Pension providers need to prepare
The golden number that people are most likely to want to find out from a dashboard is, naturally, their estimated retirement income.
“Research has shown that this is the main thing the people look for on a dashboard,” Curry says, adding that costs and charges are also important. “People want to know either how much their pension is already worth or how much their pension will give them. That’s what we need to get a relatively simple answer to, in order to make dashboards work for individuals.”
It’s not an easy one because there is a lack of uniformity in how providers supply this information. What has previously been described by Curry as ‘robust collaboration’ with industry will continue. “During the next 12 months we want to work very closely with the DWP to make some really significant progress on getting industry engagement, and ideally consensus, on how we are going to show those on dashboards to enable all the providers to get their systems ready so, by the time we ask them for that information, they will be able to do that.”

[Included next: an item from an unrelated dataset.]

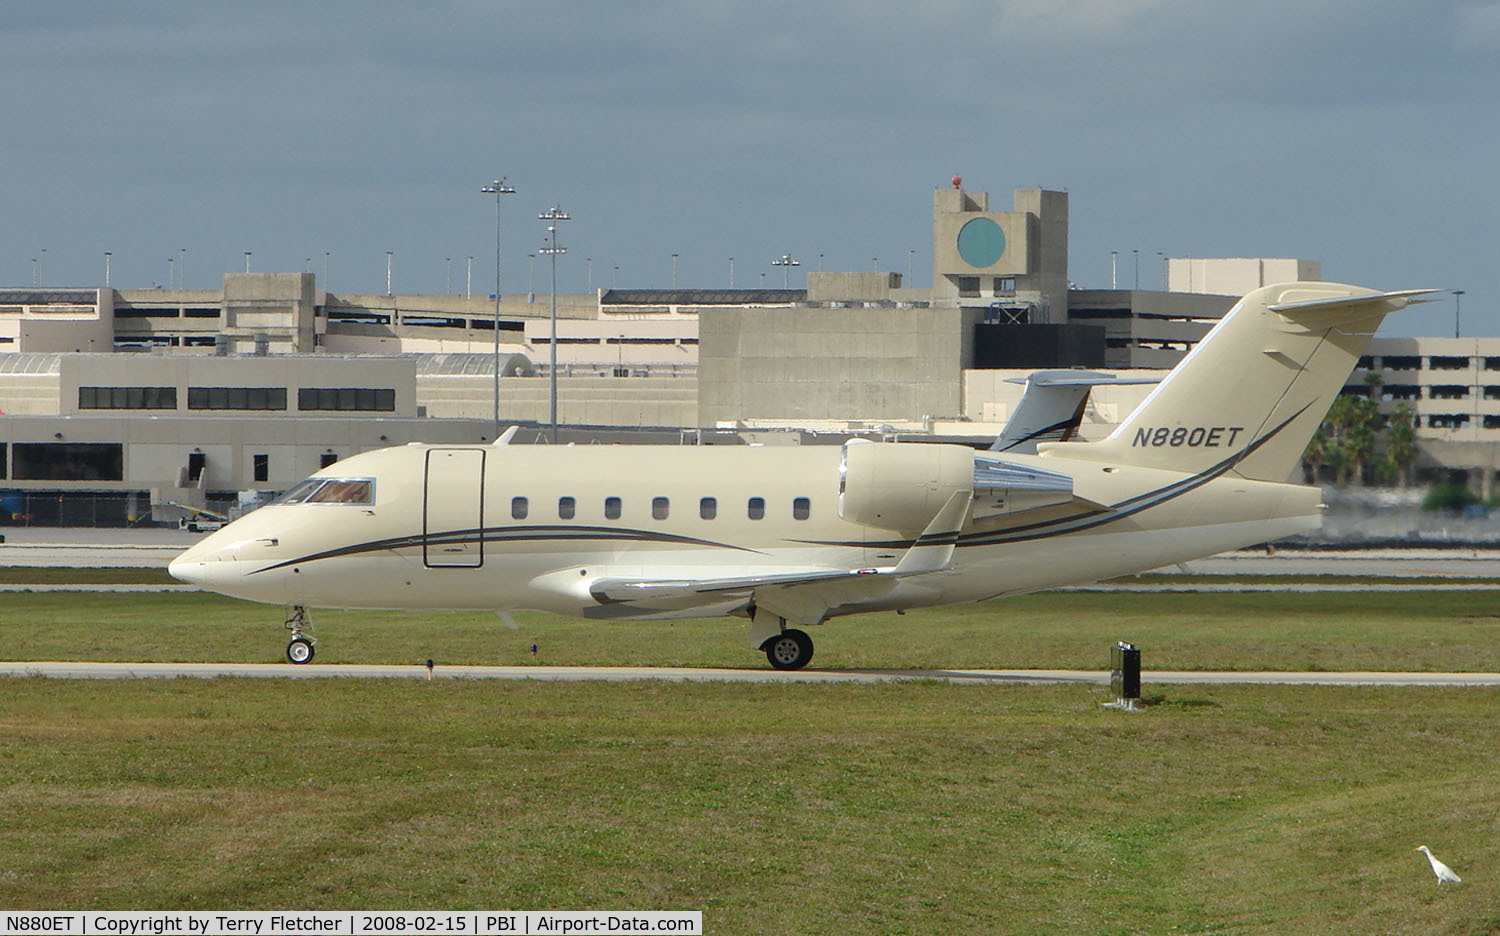 N880ET, 2001 Bombardier Challenger 604 (CL-600-2B16) C/N 5514, The business aircraft traffic at West Palm Beach on the Friday before President's Day always provides the aviation enthusiast / photographer with a treat

The PDP’s data standards requirements will evolve. “We have a lot of work to do around the standards that will be required. One thing that is clear is that every dashboard will need to show the same information – you should get the same answer whichever one you go to,” he says.
Build it and they will come?
Curry oversees about 40 staff at the PDP, with more than half having joined since the onset of the coronavirus pandemic. Like most UK office workers, the team are currently working from home (“our house feels very small at the moment”, he jokes in reference to the fact that he and his wife are ensconced in Surrey with their three sons, aged 20, 18 and 15).
“I think there’s still scope for a bit more growth in the PDP team,” he says. “But, more importantly, the team’s make-up will change as we move through different phases,” he says. “We are heavily investing in our technology team at the moment, and building up the on-boarding team.”
But there will be more to 2021 than laying the technical foundations and resolving the other challenges. One important – arguably, ultimately, the most important – question the PDP needs to be on top of, is the extent to which citizens will want to visit the dashboards (and what they will expect to find when they do).
Clearly, there is no point in the PDP if a sufficient number of people don’t log on. For this reason, the PDP has recruited a market research firm, Ipsos Mori, to help ensure it has the latest understanding of citizens’ likely expectations.
“We don’t want to build something and then find that no-one is interested”, he says.